The system he describes handles IT support, HR queries, learning recommendations, document generation, and a sprawl of other internal functions through what Amazon calls a "companion suite." Hundreds of specialized agents coordinated by a central orchestrator. Millions of monthly active users. Subsecond response times. A 30% reduction in support tickets.

Those numbers matter because they represent actual adoption, not pilot programs that quietly die. But the interesting part isn't the success metrics—it's how they got there.

Architectures That Actually Scale

Kasliwal lays out four basic patterns for building AI agents, and his preference reveals something about what works at scale versus what sounds good in architecture reviews.

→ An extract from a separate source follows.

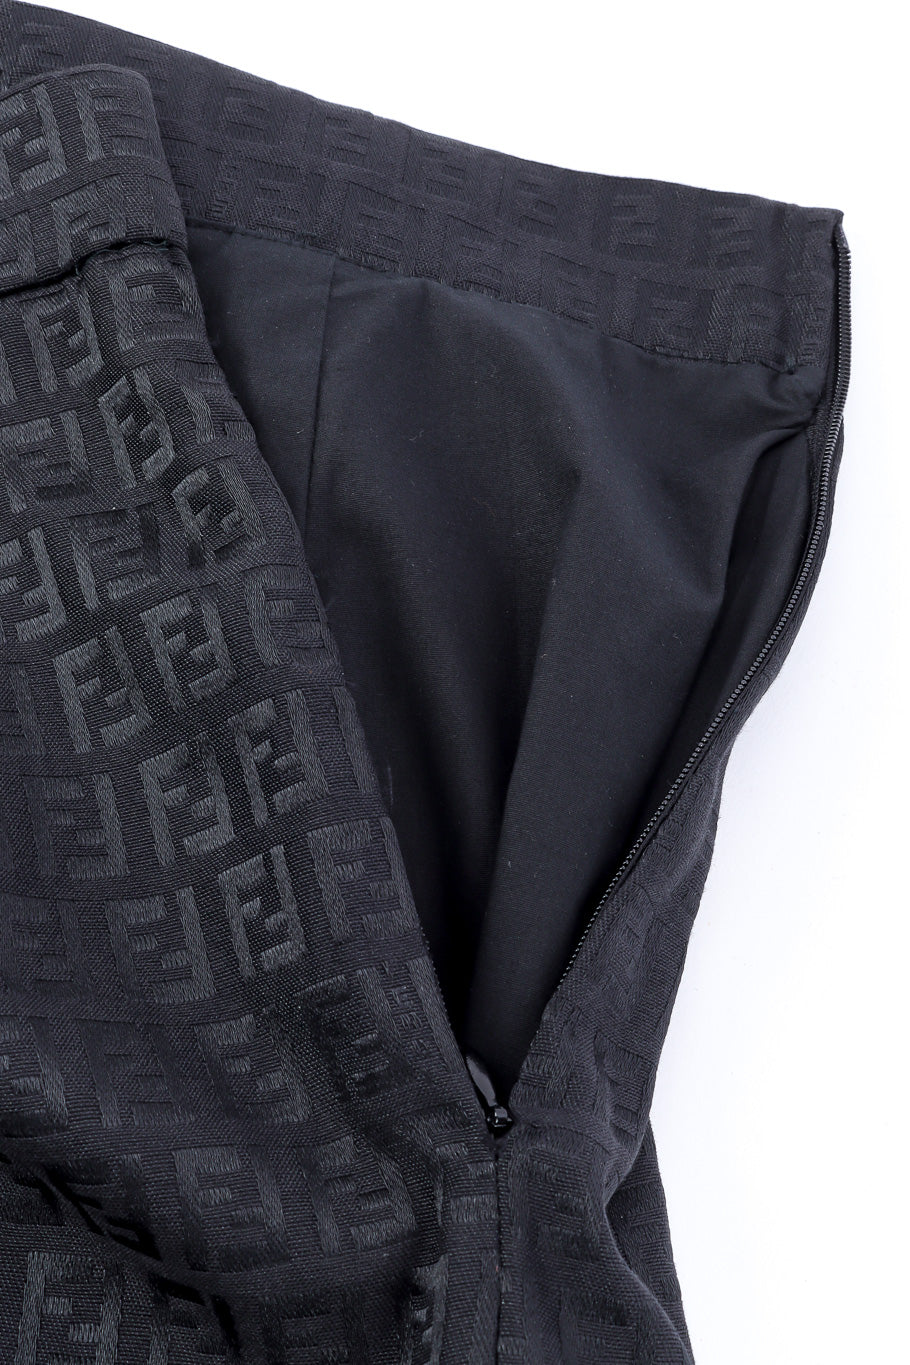 Fendi zucca monogram pencil skirt side zipper closure @recessla

The simplest approach—single monolithic agents—works fine for narrow tasks. Build an FAQ bot, give it document retrieval, ship it. Low latency, easy to debug, limited upside.

The collaborative peer-to-peer model sits at the other extreme. Multiple agents negotiate with each other, emergent intelligence, very cool, very complex, very unpredictable. "Difficult to control," Kasliwal says, which is engineering-speak for "this will wake you up at 3am."

What Amazon actually uses is the hierarchical coordinator-worker pattern. One agent routes requests to specialized domain agents—HR questions go to the HR agent, IT questions go to the IT agent, and so on. It's not the sexiest architecture, but it offers "the right balance of scalability, control, and maintainability."

Notice what's valued here: not capability, not innovation, but maintainability. That's the kind of priority that emerges after you've been on call for a system serving millions.

The Guardrails Nobody Builds Until They Have To

Here's where Kasliwal's talk diverges from typical AI evangelism. He spends significant time on what he calls "guardrails"—the layers of protection that keep agents from doing stupid or dangerous things.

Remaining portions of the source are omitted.